BEGIN Recorded information

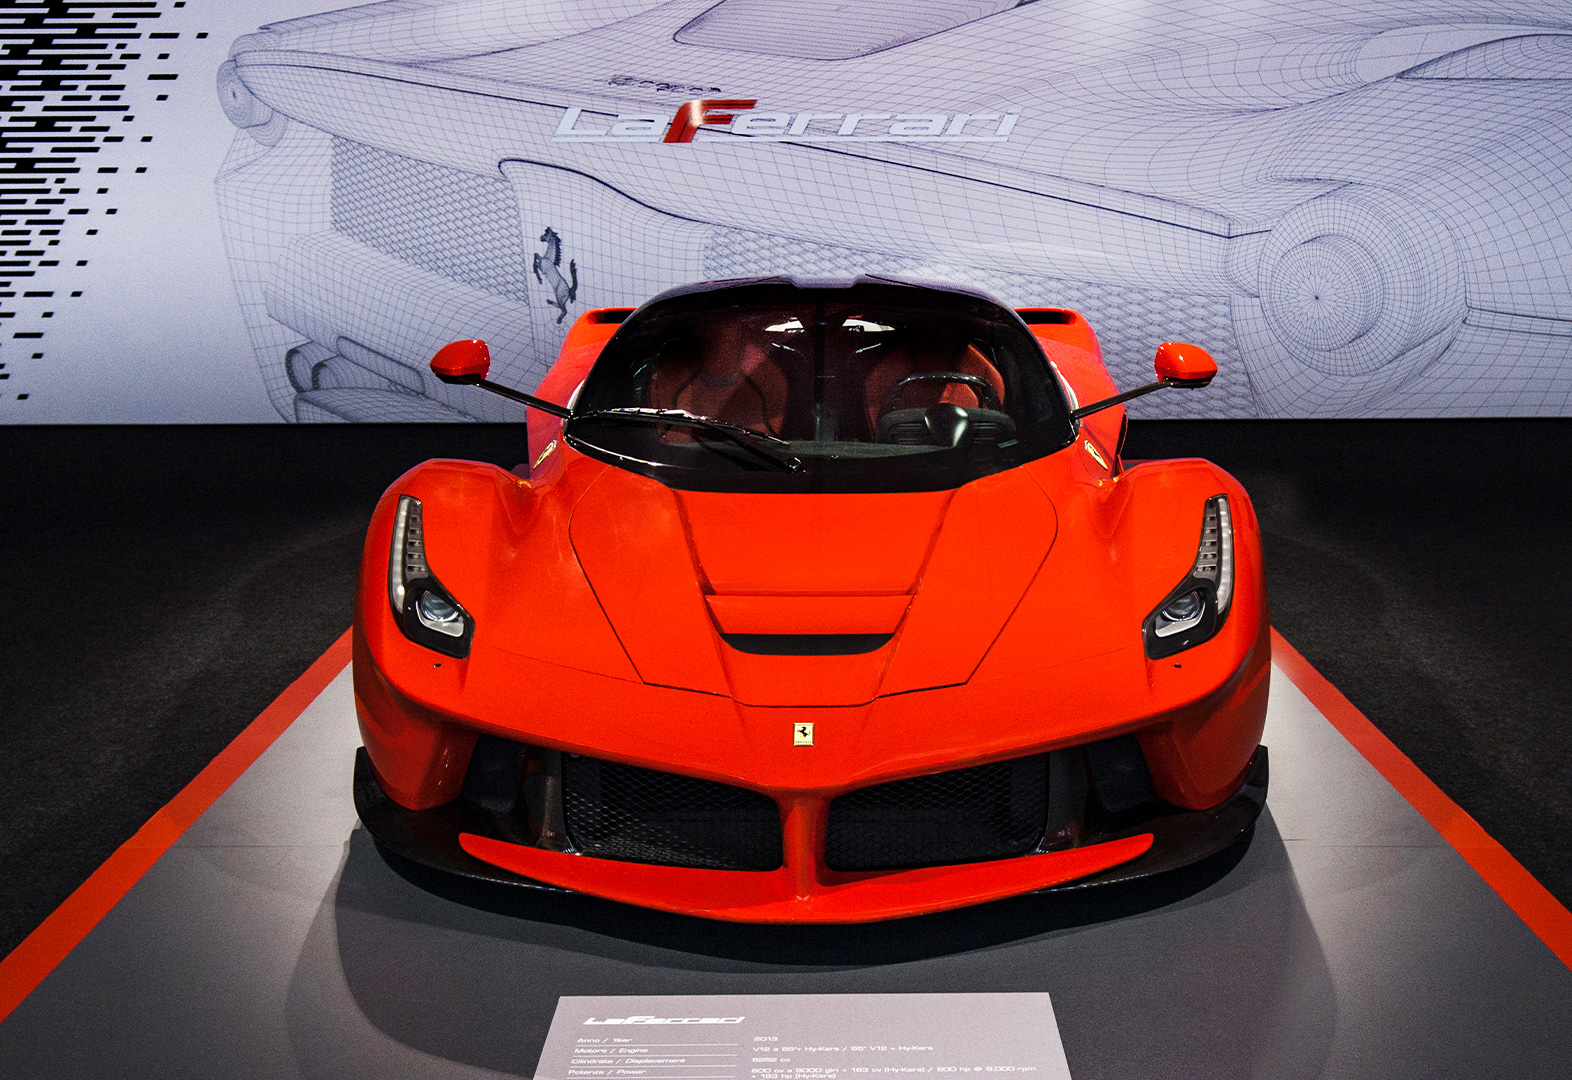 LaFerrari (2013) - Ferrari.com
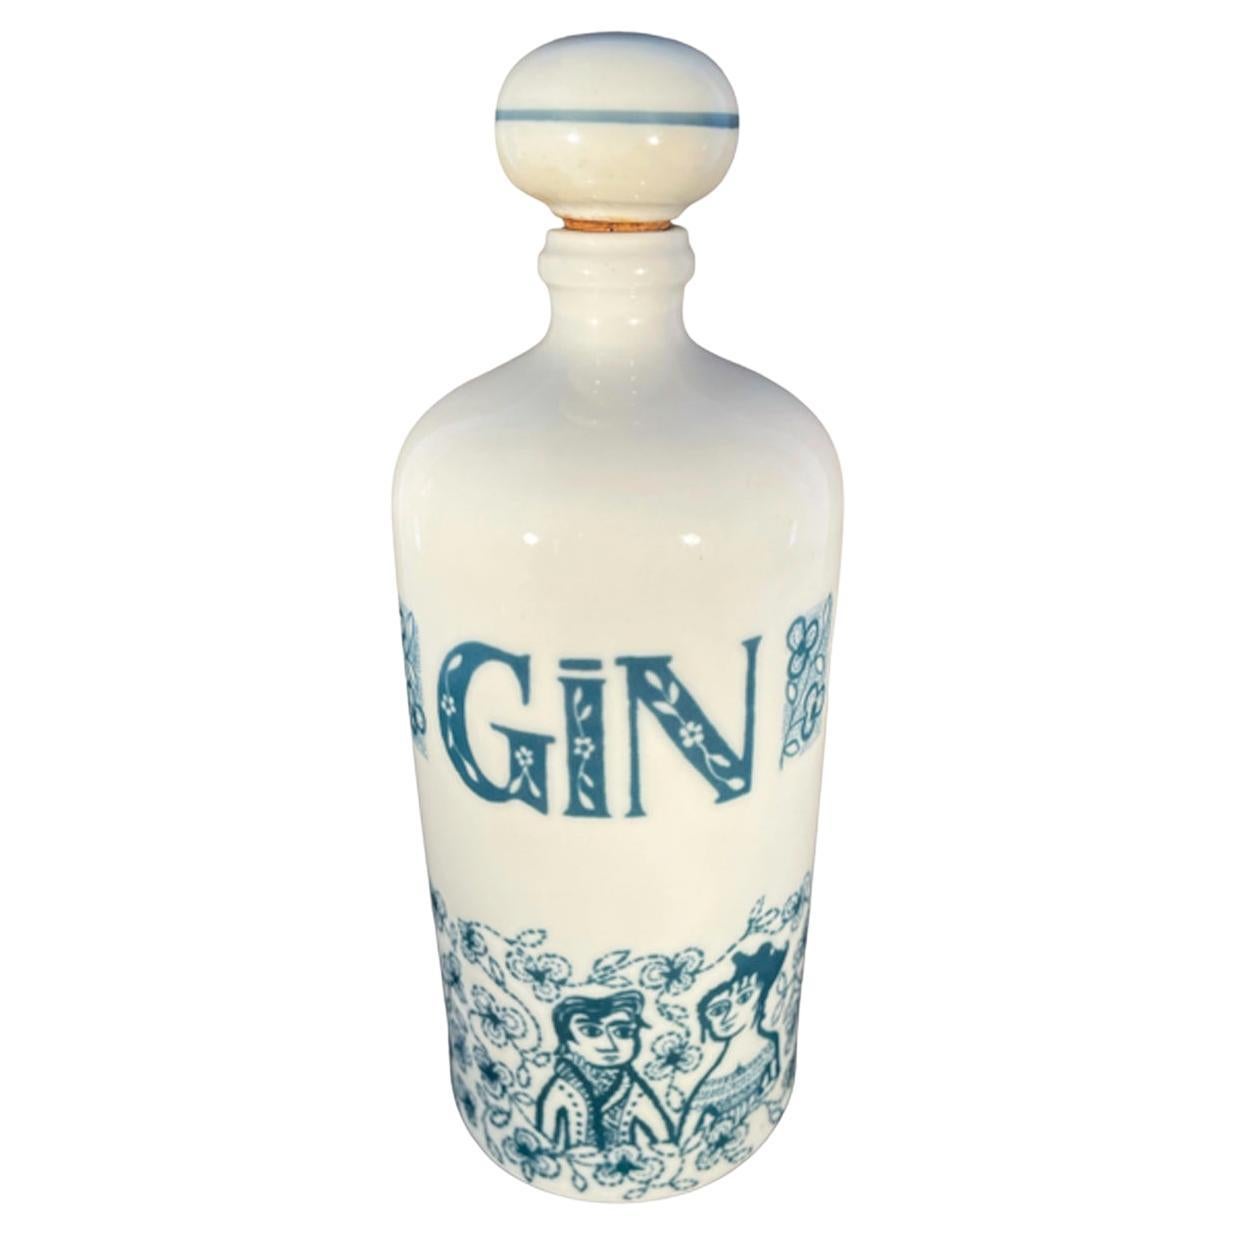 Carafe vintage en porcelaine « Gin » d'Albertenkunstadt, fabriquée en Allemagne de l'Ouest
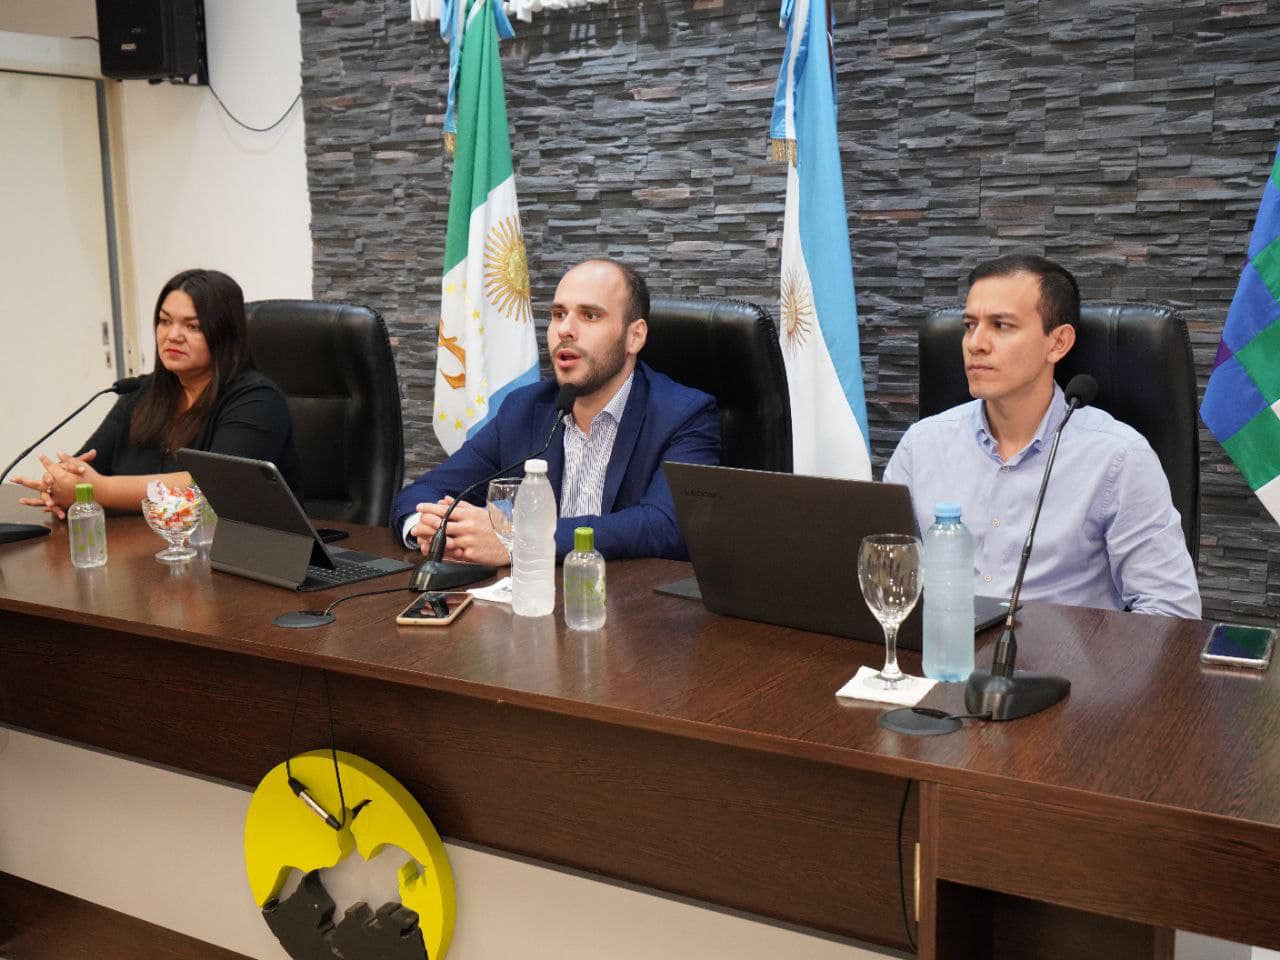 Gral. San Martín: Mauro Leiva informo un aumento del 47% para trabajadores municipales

END Recorded information

**To do:** The aim is an exact repeat of the entire listing, stripped of pictures.

**Task answer:**
 LaFerrari (2013) - Ferrari.com
 Carafe vintage en porcelaine « Gin » d'Albertenkunstadt, fabriquée en Allemagne de l'Ouest
 Gral. San Martín: Mauro Leiva informo un aumento del 47% para trabajadores municipales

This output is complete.